Krickerberg v. Hoff

143 S.W.2d 560 | Ark. | 1940

Appellee filed complaint in the Pulaski chancery court in which she alleged that in August, 1929, Emelie Krickerberg died intestate, without issue, leaving as survivor her husband, George F. Krickerberg, appellant, now 74 years of age; that Emelie Krickerberg's parents predeceased her and that she left no surviving heirs other than appellee, her sister; that at the time of her death she owned two lots in the city of Little Rock, Arkansas; and at her death, by operation of law, appellant became the owner of a life estate in one-half of said property and the remainder vested in appellee, Mary A. Hoff; prayed for partition, that the property be sold and the proceeds of the sale divided between the parties according to their respective interests.

Appellant answered, objecting to partition and sale of the property, and by way of cross-complaint alleged that appellee executed and delivered to him on July 8, 1931, the following memorandum: "I have on deposit for George Krickerberg, $1,000 (one thousand dollars). Mary A. Hoff, July 8, 1931"; that said memorandum created a trust for appellant's benefit and that on three different occasions subsequent thereto he demanded payment, which was refused; prayed that appellee's complaint be dismissed and for judgment against appellee in the sum of $1,000.

Appellee filed response to this cross-complaint alleging that she "never had any funds in her hands or under her control belonging to the defendant, George F. Krickerberg, but that it was her intention, prior to and at the time, July 8, 1931, to give the said George Krickerberg $1,000 of her own money either at her death or at some time subsequent to the aforesaid date, and as evidence of her intention caused the memorandum referred to in defendant's counterclaim to be executed.
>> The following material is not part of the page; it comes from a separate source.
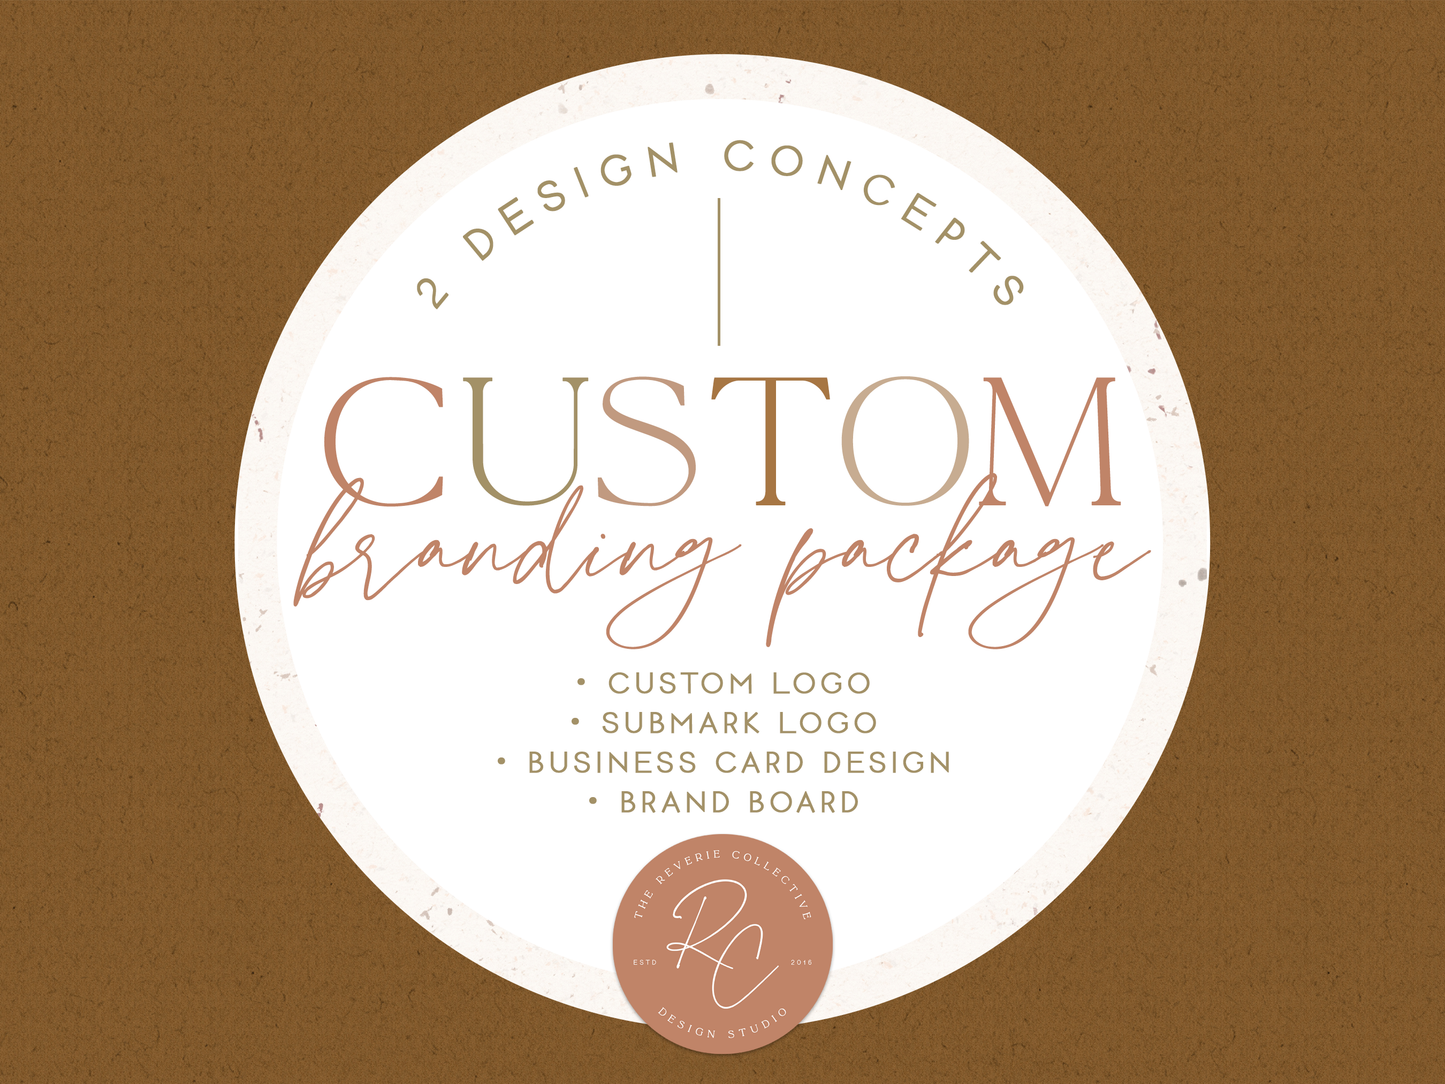 Custom Branding Package | Custom Logo Design

It was never this plaintiff's intention to deliver title to said sums by virtue of said written memorandum" and that no consideration passed for the execution of said instrument. *65

To this response appellant filed demurrer in which he alleged "That said response to said cross-complaint does not state facts sufficient to constitute a defense."

On the same date this demurrer was filed, appellant filed a motion to dismiss appellee's complaint, alleging that appellant and appellee are life tenant and remainderman respectively and are not joint tenants or tenants in common and, therefore, the property in question is not subject to partition.

The trial court overruled appellant's demurrer and motion to dismiss in the following language appearing in the decree:

"And the court being well and sufficiently advised, doth overrule the defendant's special demurrer to plaintiff's response to the defendant's cross-complaint and doth overrule the motion of the defendant, George F. Krickerberg, to dismiss plaintiff's complaint, whereupon, said defendant excepted to the actions of the court and asked that his exceptions be noted of record, which is accordingly done; and said defendant refusing to plead further but electing to stand on his special demurrer, it is by the court ordered that the cross-complaint of the defendant, George F. Krickerberg, wherein he seeks judgment against the plaintiff, Mary A. Hoff, with interest thereon from December 1, 1937, be and the same is hereby dismissed with prejudice."

From the decree of the court granting appellee's prayer for partition, the overruling of appellant's demurrer, and dismissal of his cross-complaint, appellant brings this appeal.

By stipulation of the parties, the facts are:

"That the only interest the defendant, George F. Krickerberg, has in the property involved in this suit is a life estate in an undivided half interest in said property.

"That the plaintiff, Mary A. Hoff, is the owner in fee simple of the property involved in this suit, subject to the life estate in an undivided half interest held by the defendant, George F. Krickerberg. *66

"That said property is not susceptible of partition in kind.

"That the defendant, George F. Krickerberg, is 74 years of age.

"It is hereby stipulated that if the plaintiff is entitled to a partition and sale of the property involved herein (which right the defendant, George F. Krickerberg, denies), the value of the life estate of the defendant, George F. Krickerberg, in an undivided one-half interest in said property is 33.11 per cent. of one-half of the value of said property."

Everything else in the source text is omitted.